What this task involves –
Without the pictures, write the listing out again exactly as it appears.

Information shown –
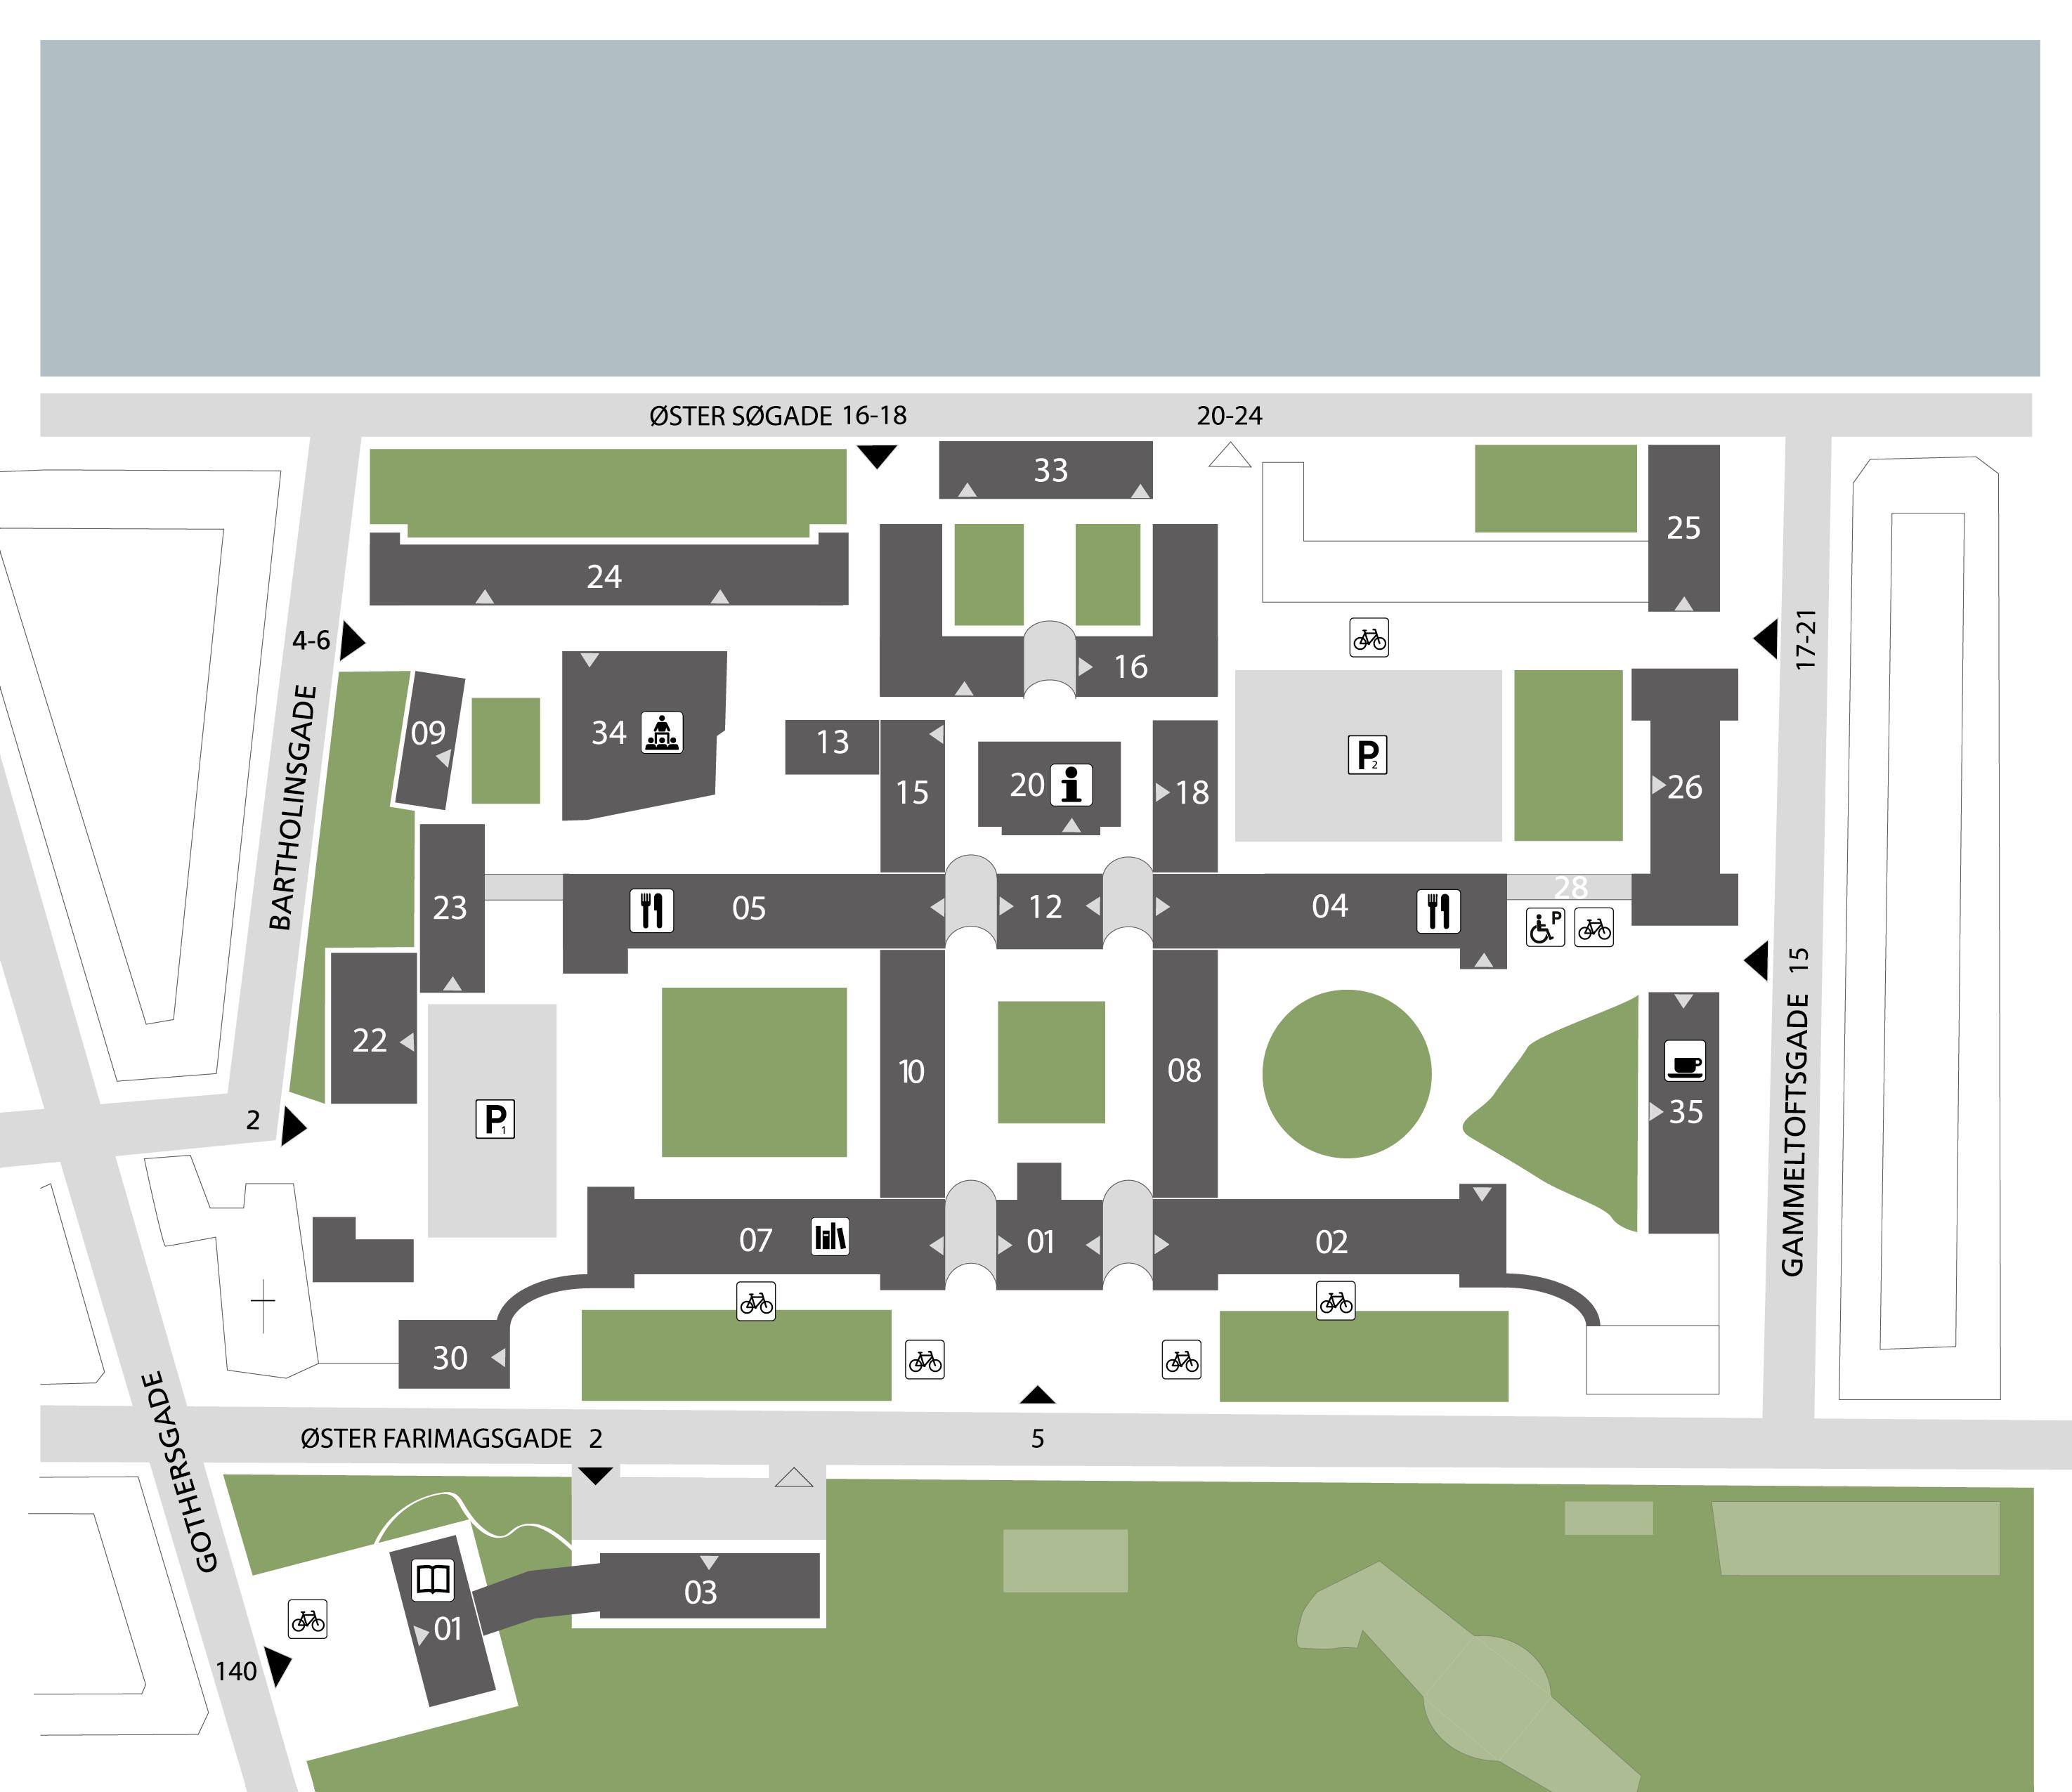 Kort over CSS Campus
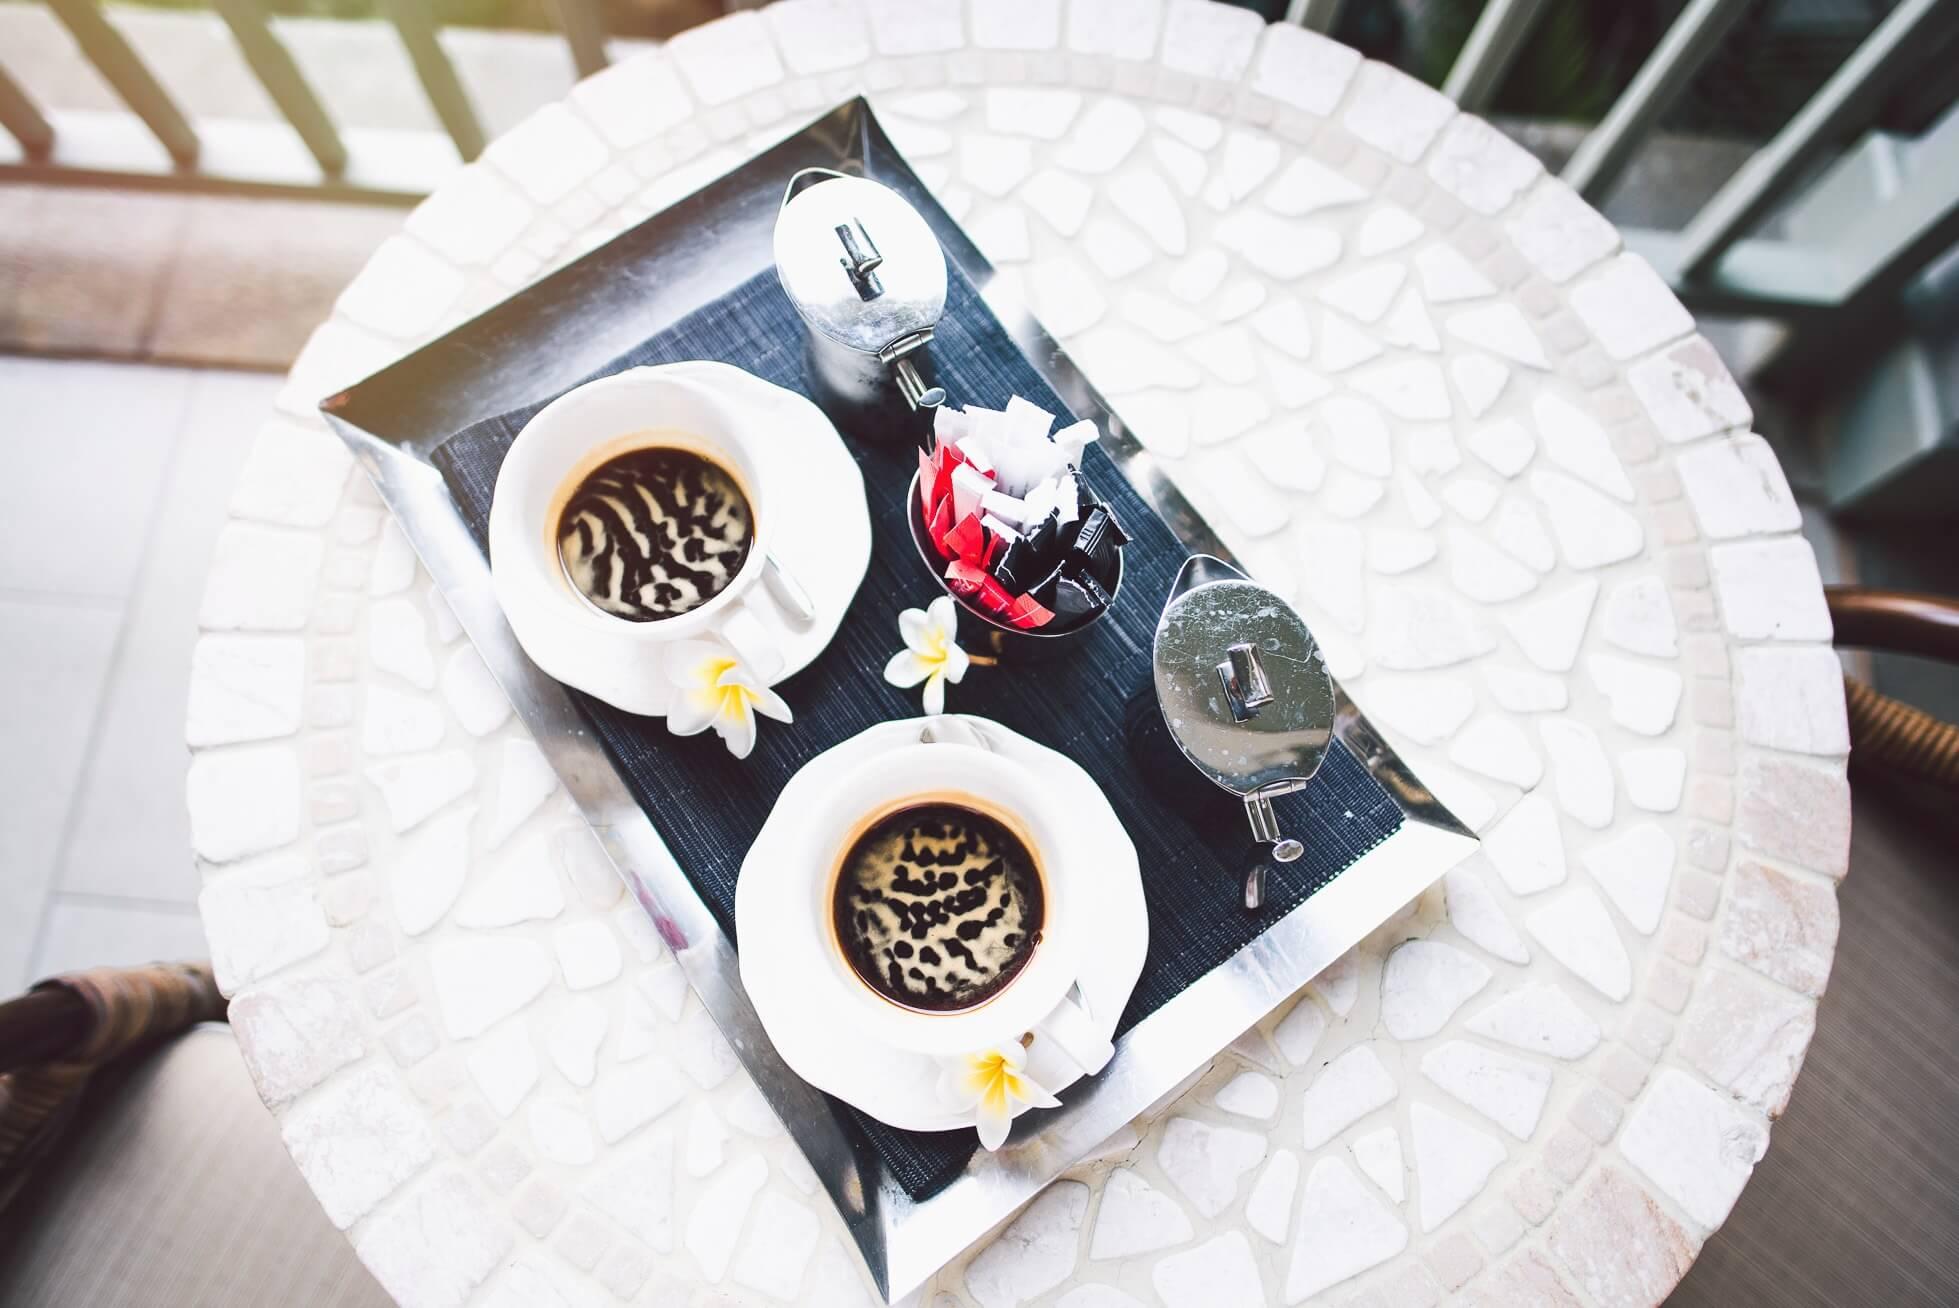 janni-deler-morning-coffeeDSC_3899janni
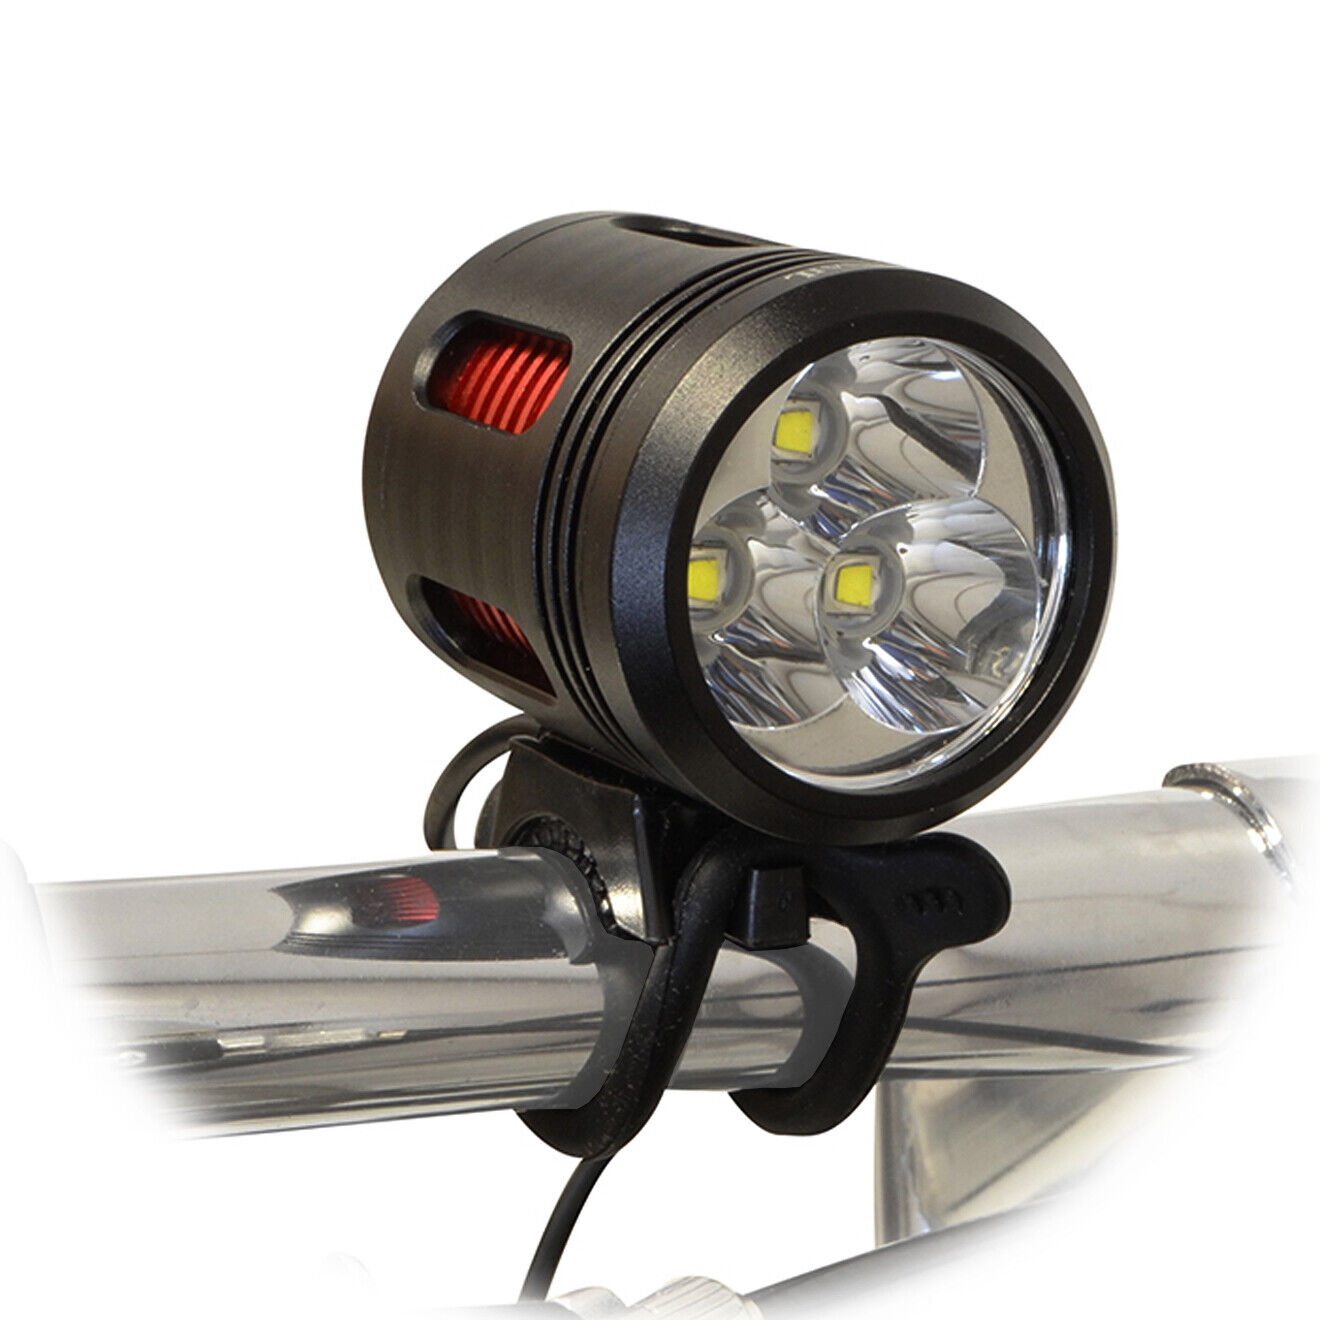 Lumintrail 3000 Lumen LED Bike Headlight USB Rechargeable wi

Result of this task –
 Kort over CSS Campus
 janni-deler-morning-coffeeDSC_3899janni
 Lumintrail 3000 Lumen LED Bike Headlight USB Rechargeable wi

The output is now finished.